Für das kommende, das entscheidende Jahr rechnet der Malser Bürgermeister noch einmal mit richtig Gegenwind: Konventionelle Bauern, "Hardliner" nennt er sie, würden mit Sicherheit gegen die Pestizid-Verordnung der Gemeinde vorgehen, sagt er, dann gehe es eben vor Gericht. Veith ist auch zu diesem Konflikt bereit. Er sieht seine Gemeinde auf dem richtigen Weg. Einige Milchbauern hätten nach der Abstimmung ihre Betriebe umgestellt, sagt er und erzählt von biologischen Anbaubetrieben für Gemüse und Kräuter, die es nun gebe, von einer Biobäckerei und von zwei biologischen Genossenschaften. Die Gegenwart setze immer mehr auf Bio, die Zukunft sowieso. "Ich könnte jeden Tag einen Vortrag halten", sagt der Bürgermeister der kleinen Gemeinde. "In Indien, Japan, den USA."

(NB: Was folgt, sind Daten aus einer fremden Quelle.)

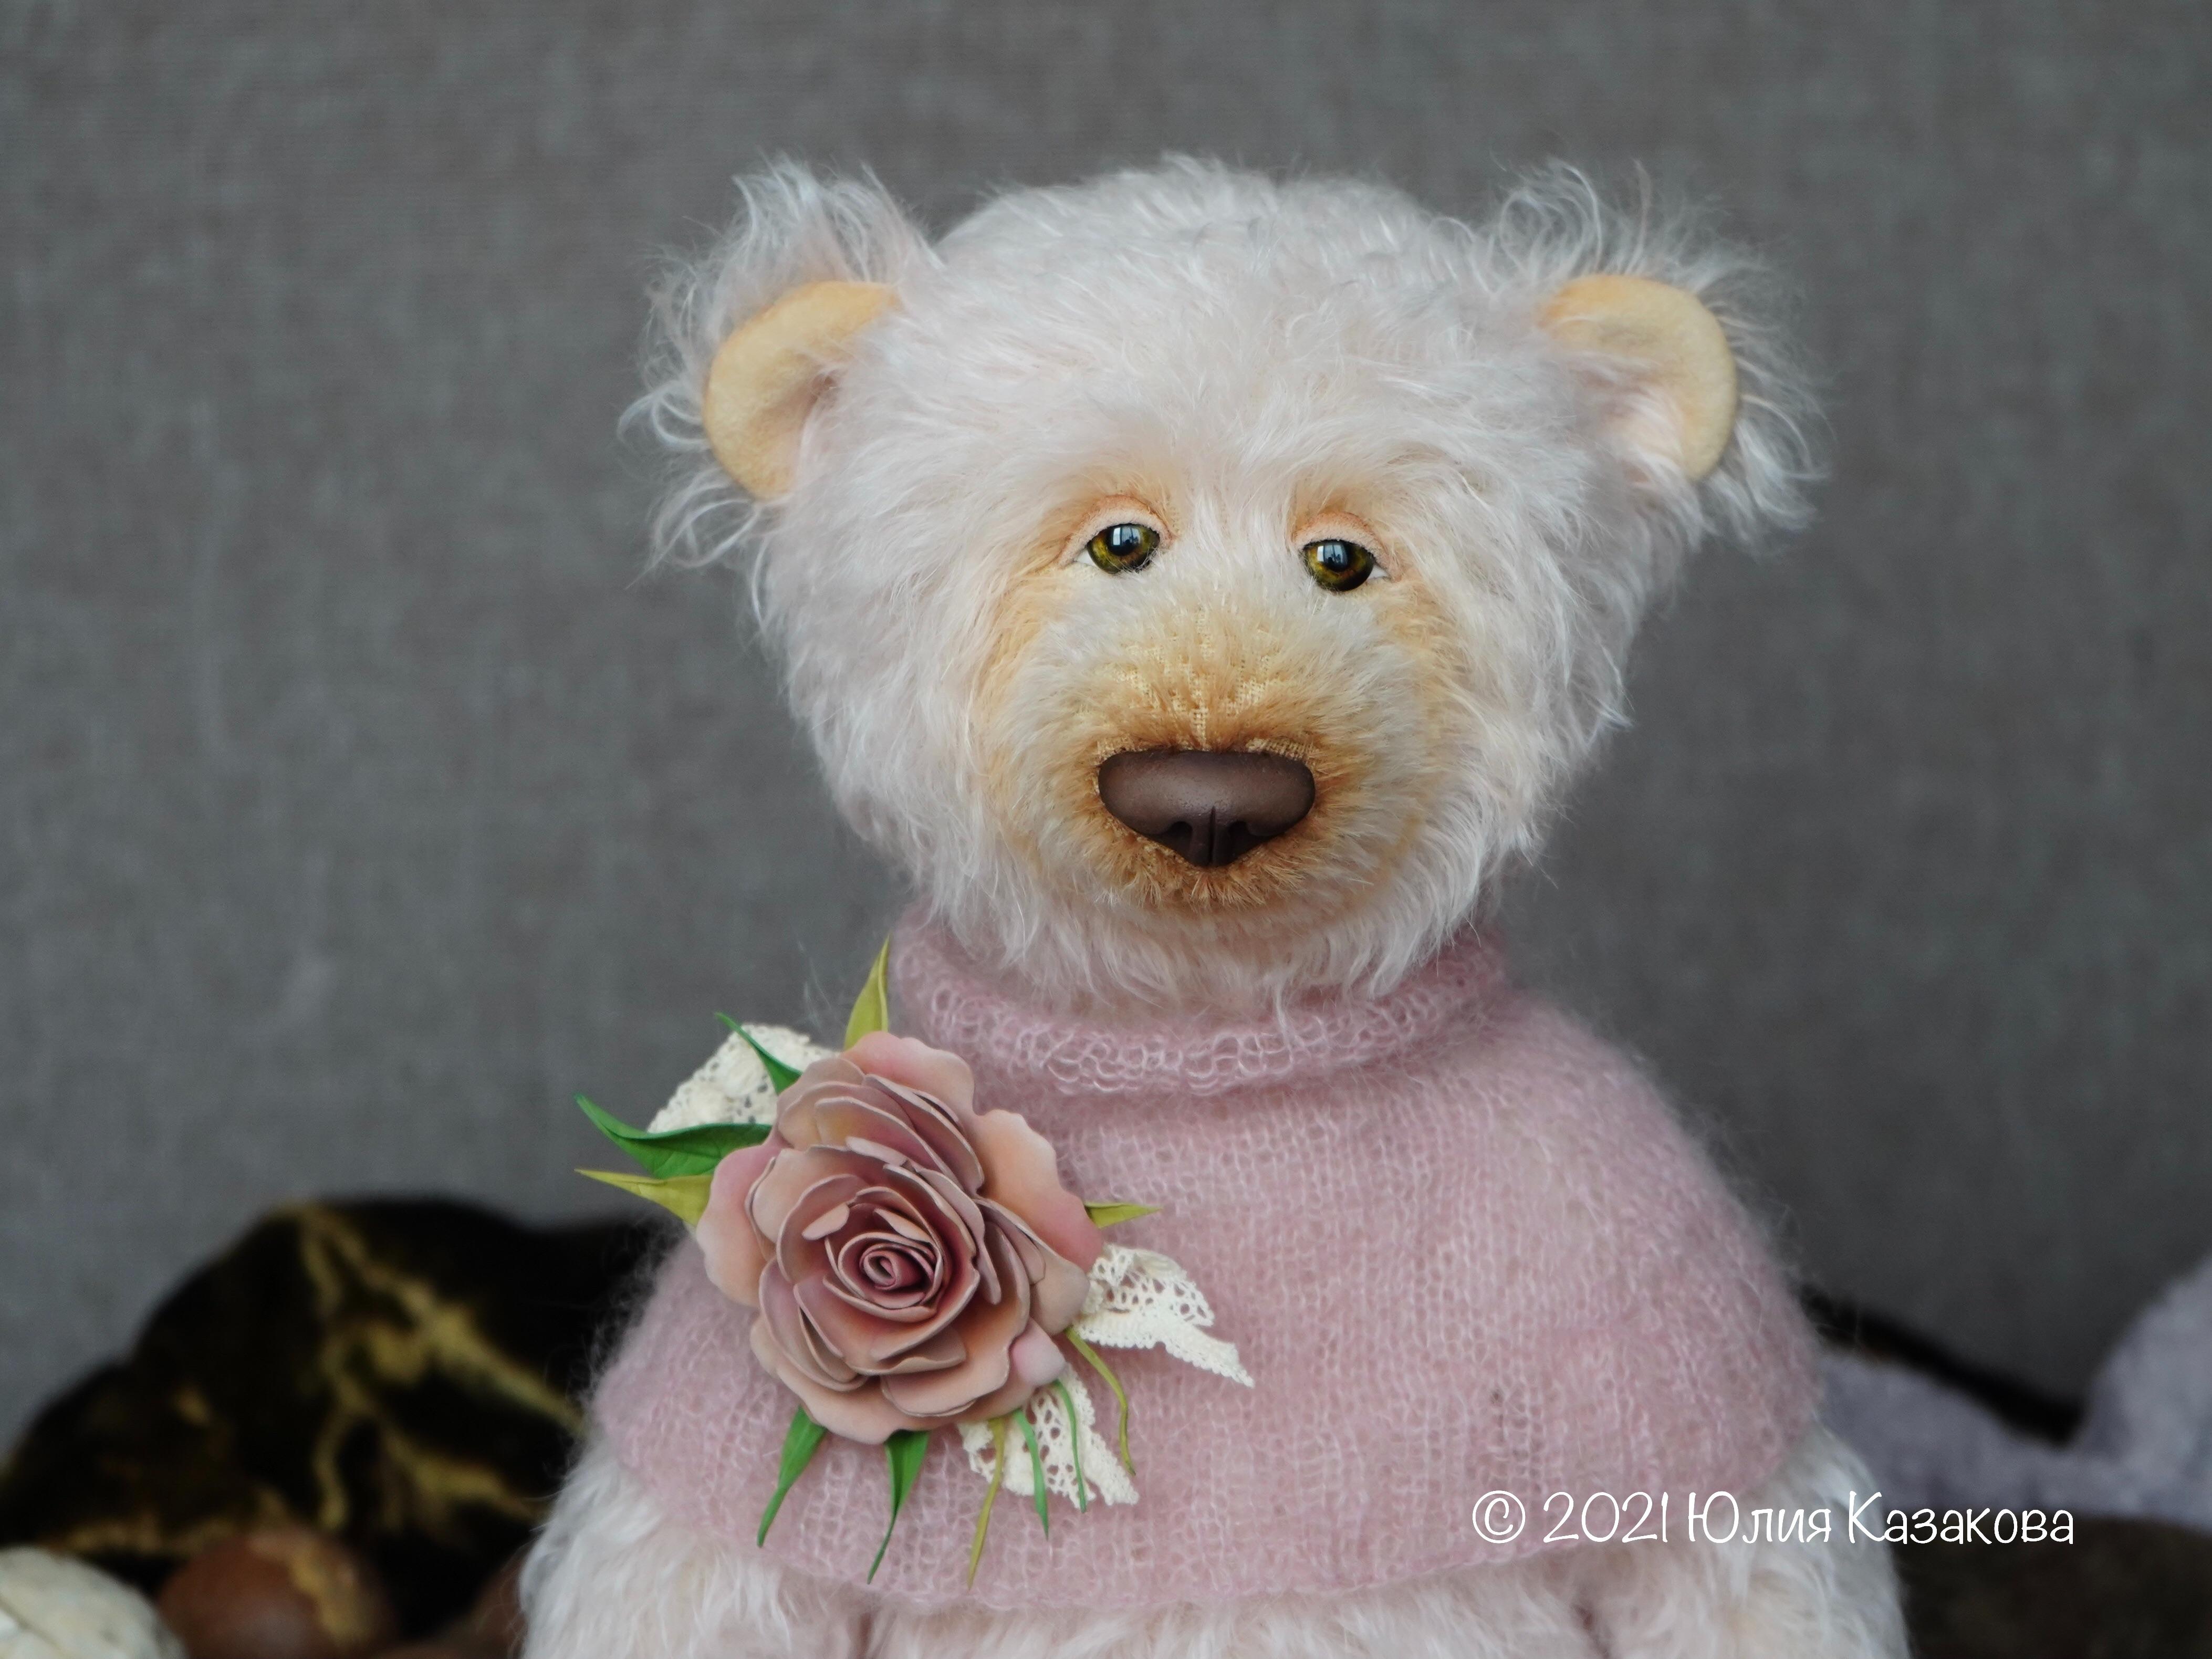 Teddy-bear Charlotte

Zuhause bei Ägidius Wellenzohn sind die USA weit weg - und manchmal auch Bozen. Im November kündigten dort Bauernbund und Bioverbände an, die Bioflächen in Südtirol verdoppeln zu wollen, bis 2025. Auch Landesrat Schuler stand vor den Mikrophonen und erinnerte wieder: jeder zweite Bioapfel, in Europa, aus Südtirol. Wellenzohn betreffen solche Pläne schon lange nicht mehr. Er setzt auf Bio, seit 1987, weil er überzeugt ist. Er sagt Dinge wie: "Ein Apfelbaum ist wie ein Mensch. Um nicht krank zu werden ist Ernährung das Um und Auf." Die 11.000 Kilogramm Apfel, die Noch-immer-Unbekannte mit Glyphosat besprüht hatten, ließ er noch im September entsorgen. Eine Spezialfirma aus Italien holte sie ab.